K. Bryan, Numerical Method for the Study of the World Ocean Circulation, J. Comp. Phy., 4, 1687-1712, 1969.
Y. Chao, A. Gangopadhyay, F.O. Bryan, W.R. Holland, Modeling the Gulf Stream System: How Far From Reality?, Geophys. Res. Letts., 23, 3155-3158, 1996.
M.D. Cox, Primitive Equation, 3-Dimensional Model of the Ocean, Group , Tech. Report 1, GFDL/NOAA, Princeton, NJ, 1984.
L.A. Drummond, J.D. Farrara, C.R. Mechoso, J.A. Spahr, Y. Chao, D.S. Katz, J.Z. Lou, and P. Wang, Parallel Optimization of An Earth System Model (100 GIGAFLOPS and Beyond?), 1997 Society for Computer Simulation (SCS) International Conference, Atlanta, Georgia, April, 1997.

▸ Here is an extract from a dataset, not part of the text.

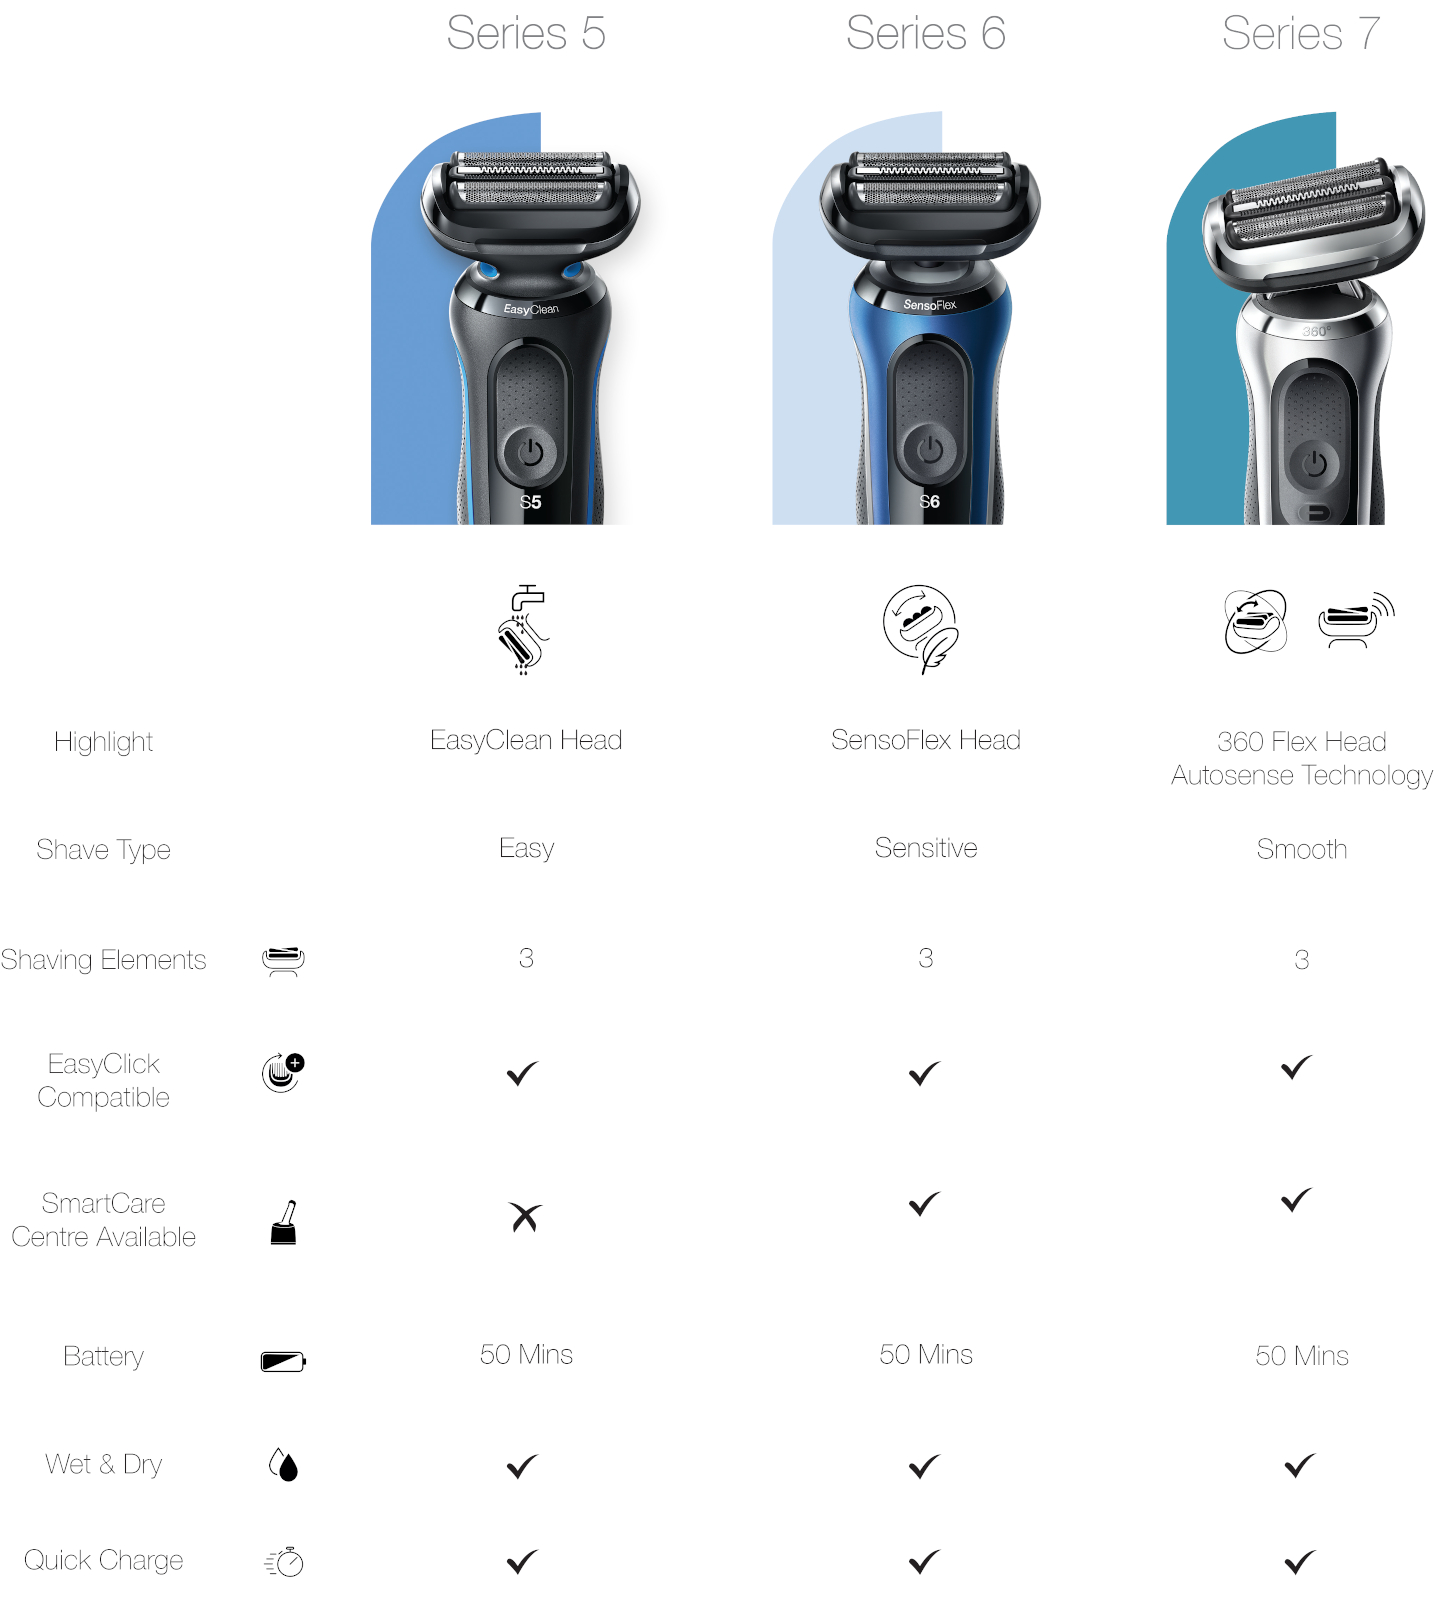 Series 5, series 6, series 7. Highlight , Shave type, Shaving elements, EasyClick Compatible, SmartCare Centre Awards, Battery, Wet & Dry, Quick charge.

R. Pacanowski, R.K. Dixon, and A. Rosati, Modular Ocean Model User's Guide, GFDL Ocean Group Tech. Report 2, GFDL/NOAA, Princeton, NJ, 1992.
A.J. Semtner and R.M. Chervin, Ocean-General Circulation from a Global Eddy-Resolving Model, J. Geophys. Research Oceans, 97, 5493-5550, 1992.
R.D. Smith, J.K. Dukowicz, and R.C. Malone, Parallel Ocean General Circulation Modeling, Physica D, 60, 38-61, 1992.